▶ _Your objective_: From the data below, return only the lines from the one with "355c3f7d7d Details about" through the one with "AI基础教程!教你绘制萌萌的小驯鹿插画", exact and inclusive, with pictures left out.

▶ _Supplied data_:
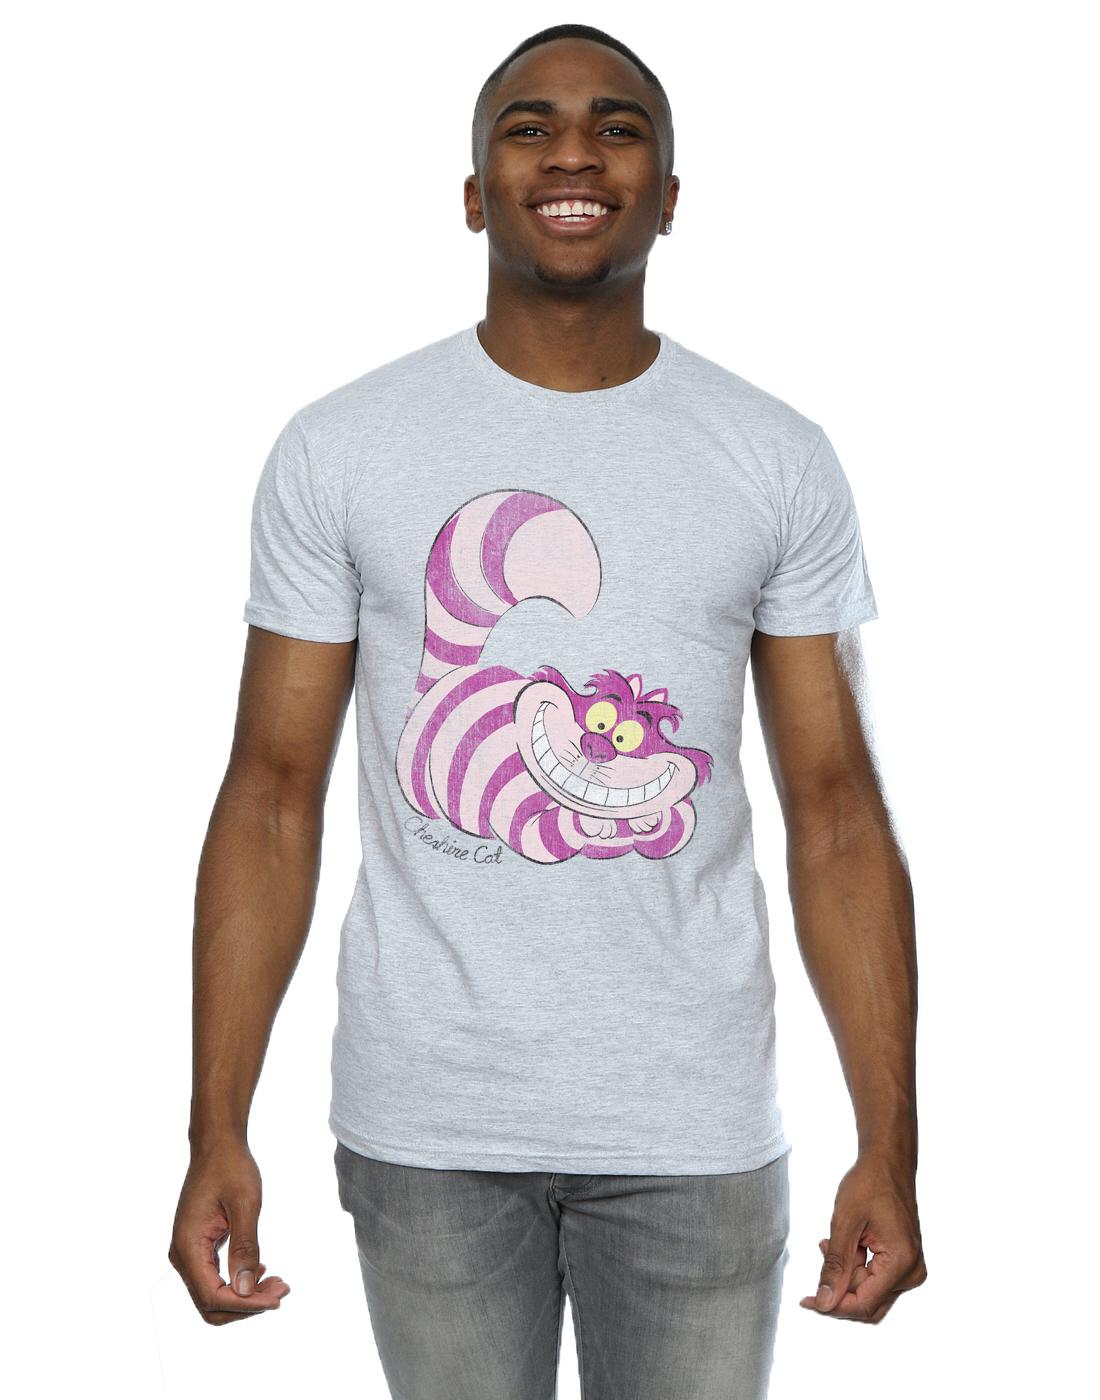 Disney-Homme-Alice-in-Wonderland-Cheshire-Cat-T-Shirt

--

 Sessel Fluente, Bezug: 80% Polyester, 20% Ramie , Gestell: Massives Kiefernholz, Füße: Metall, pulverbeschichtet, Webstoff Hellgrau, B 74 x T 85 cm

* * *

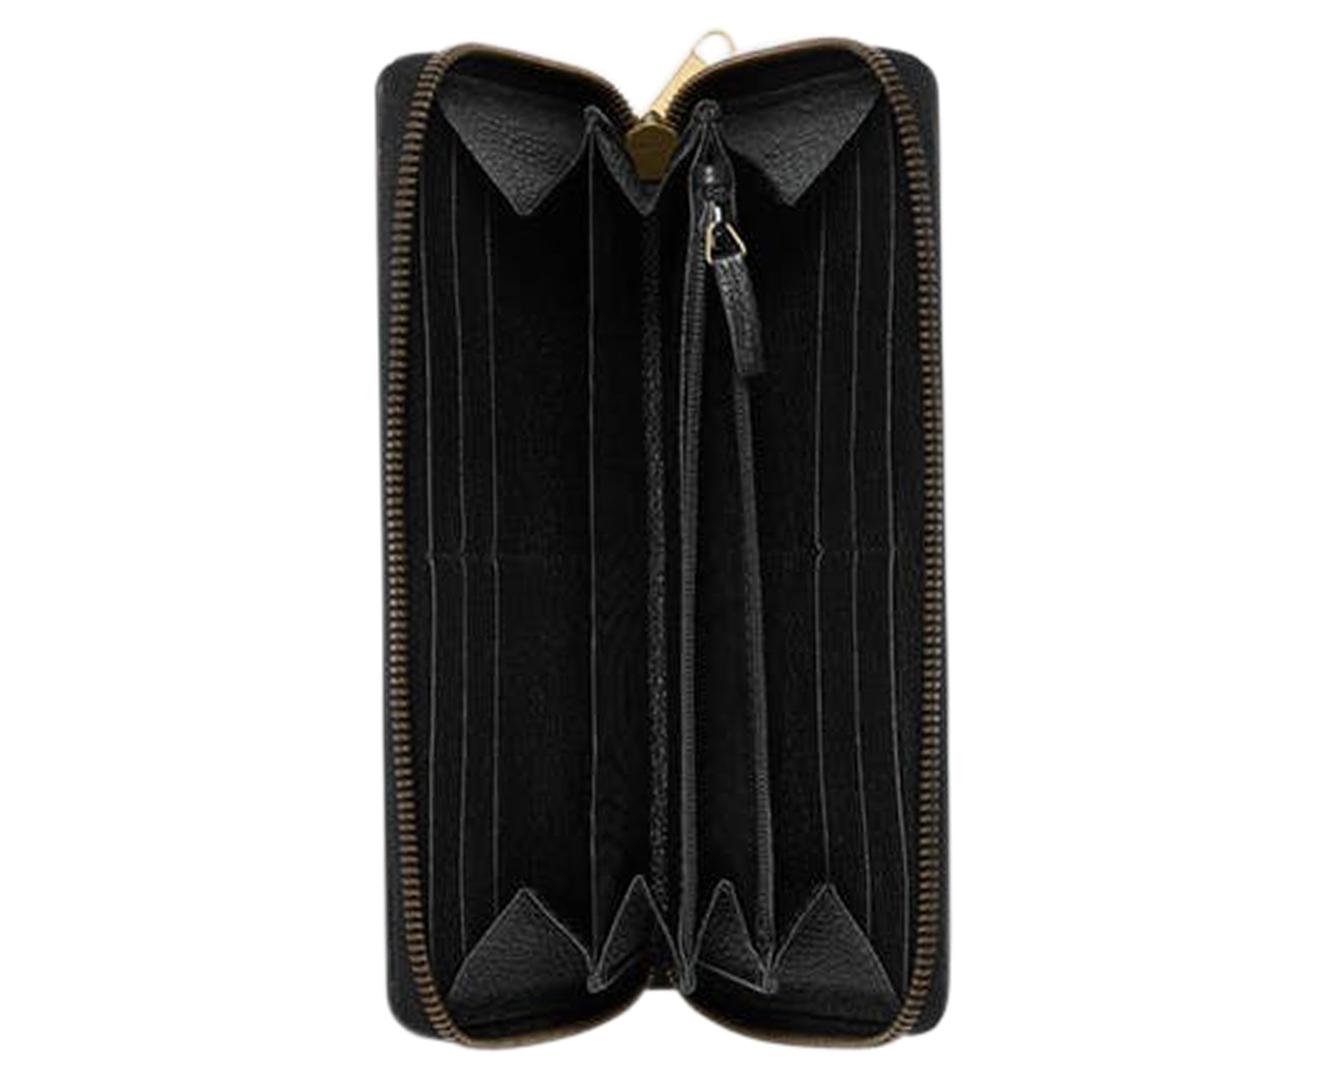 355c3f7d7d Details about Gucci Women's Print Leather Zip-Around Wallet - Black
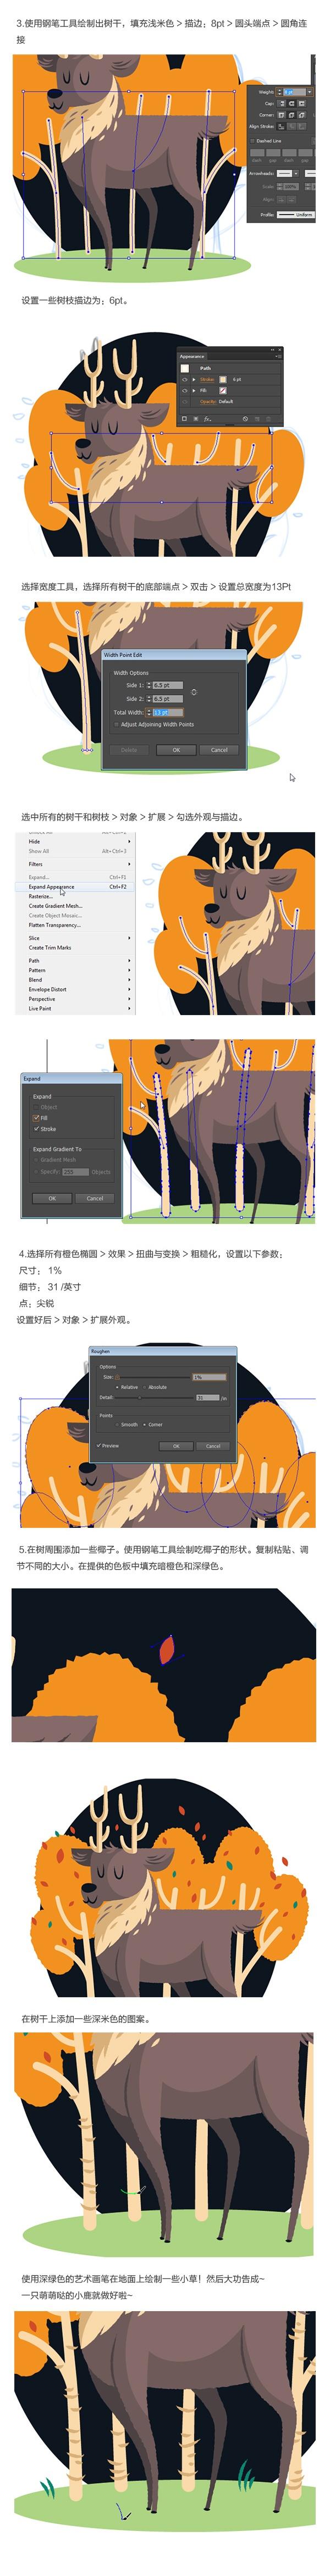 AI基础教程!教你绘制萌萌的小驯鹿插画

▶ _Result for this task_:
 355c3f7d7d Details about Gucci Women's Print Leather Zip-Around Wallet - Black
 AI基础教程!教你绘制萌萌的小驯鹿插画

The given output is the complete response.